The demand reduction is certainly part of this, but it's not the most important factor. Not in terms of GWs. Look even at that biased graph that ignores the year we ALL know demand dropped through the floor, with no subsequent improvement in reliability of the generating fleet. Even that thing says what... 2GWs of reduced demand?
Just bringing the extra units online in December from Kusile alone was something like 3 stages of loadshedding. Forget all the capacity improvements Eskom has made since then that clawed back something like 7GW.
The solar people have installed isn't even close to that. It all adds up, but it very obviously, and very objectively, is not the most important factor.
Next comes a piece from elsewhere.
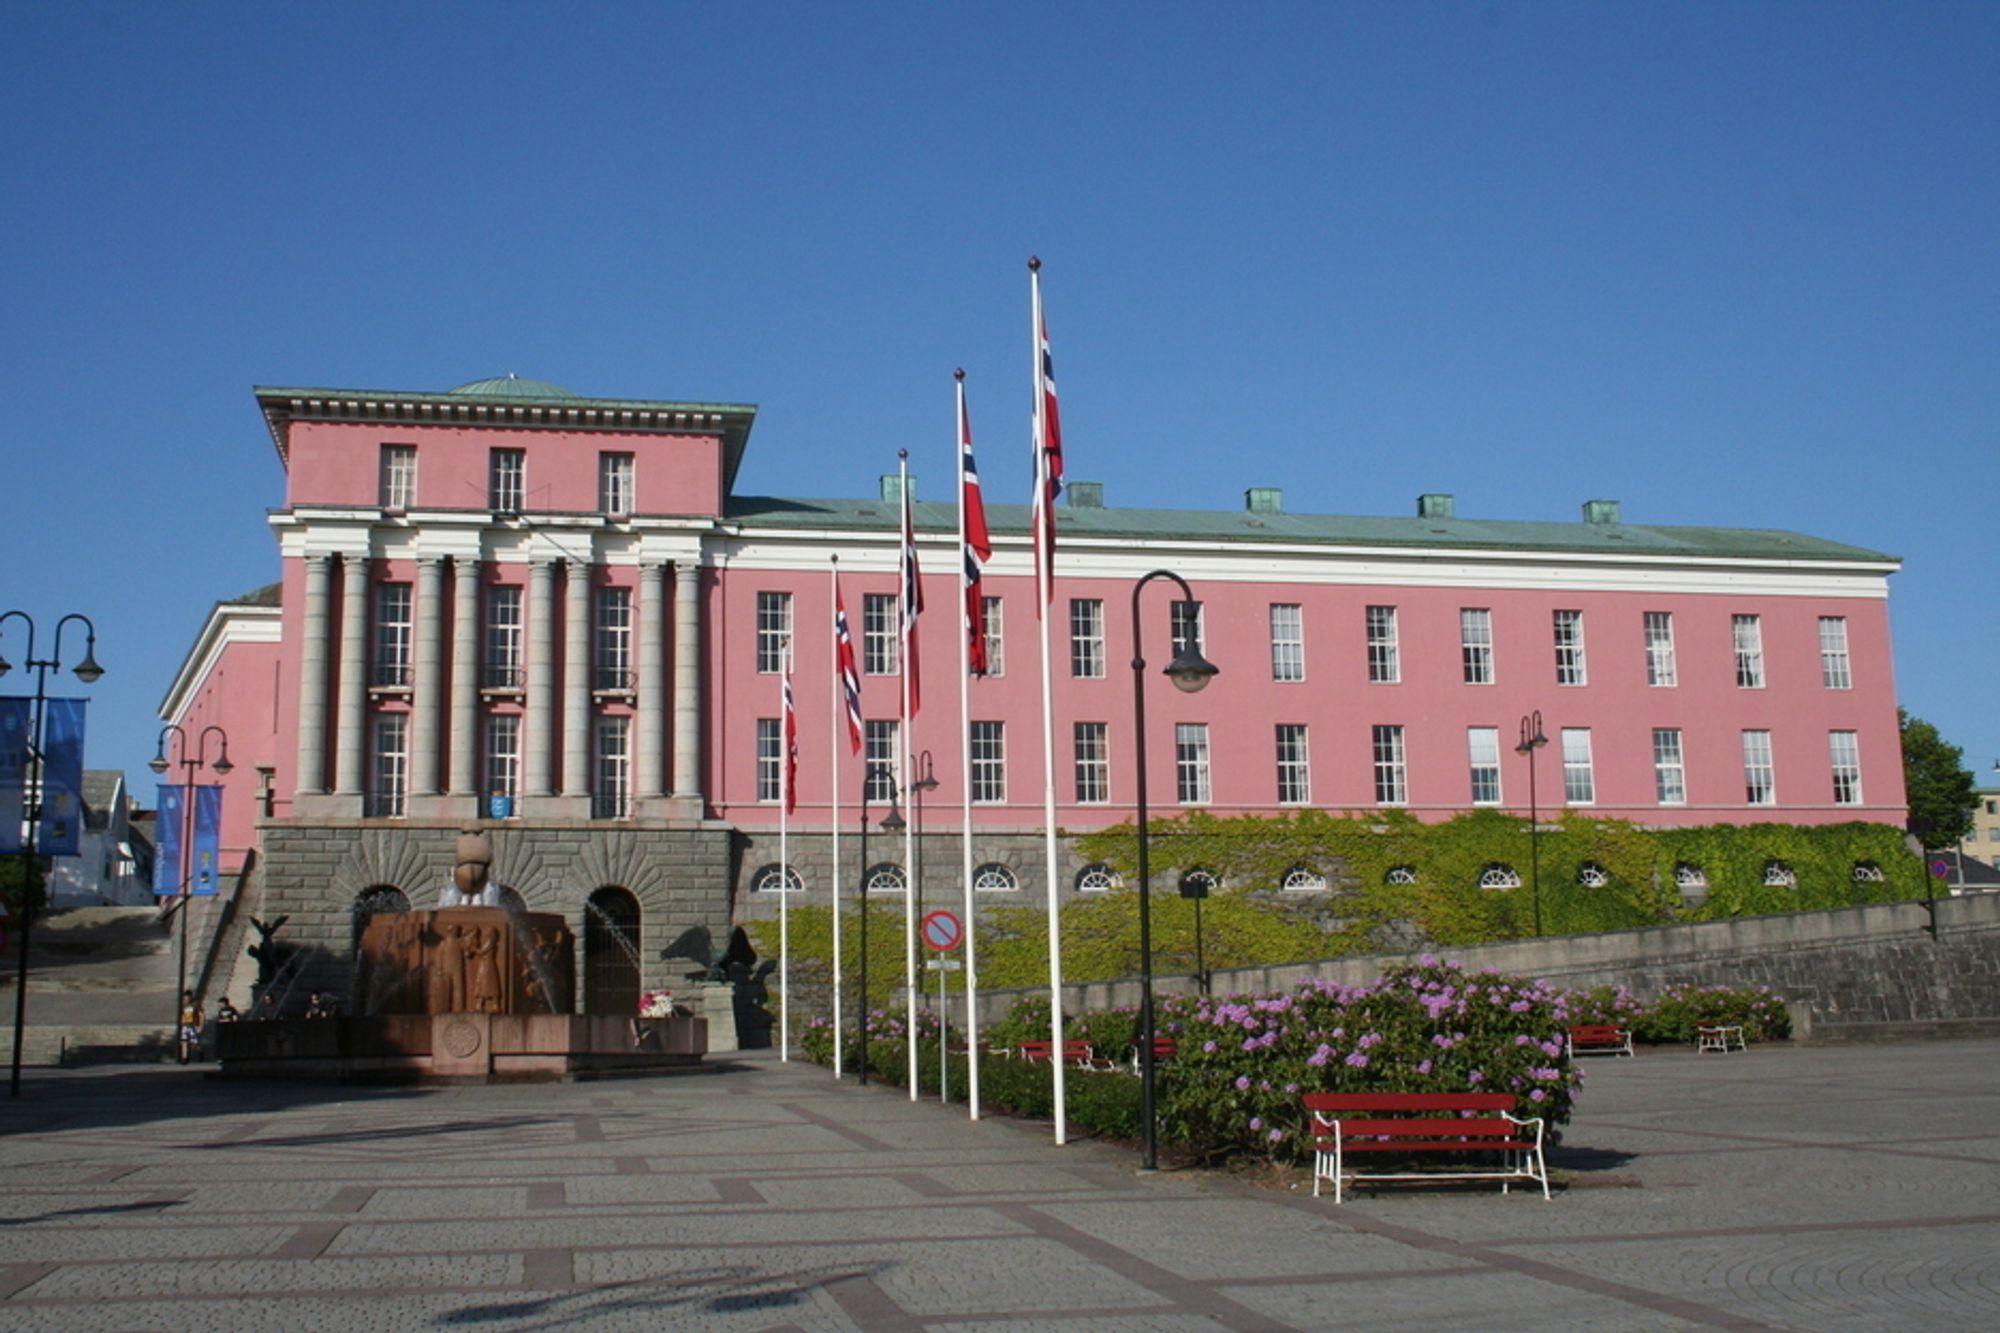 Haugesunds rosa rådhus ble den soleklare vinneren i en kåring av landets peneste rådhus.

I don't like Eskom, but I won't lie, I won't bend the truth, to try and cover up what they've achieved this year. We owe the lack of loadshedding to their capacity improvements. That's undeniable. Even if it leaves a bitter taste in my mouth.
You can't claw back 6 stages of loadshedding AND load reduction AND big consumers like mines cutting extra GWs with just a 2GW drop in demand. I mean come on.
I was one of those people that said it would easily take a decade to get rid of loadshedding. Turns out I, like a lot of people, underestimated how useless Eskom had been up until recently. All it took was a few months of maintenance performed by qualified people from OEMs, instead of the current BEE contractors Eskom had been determined to let destroy this country, and viola... capacity exceeds demand to the point where whole generating units can be shutdown. Incredible.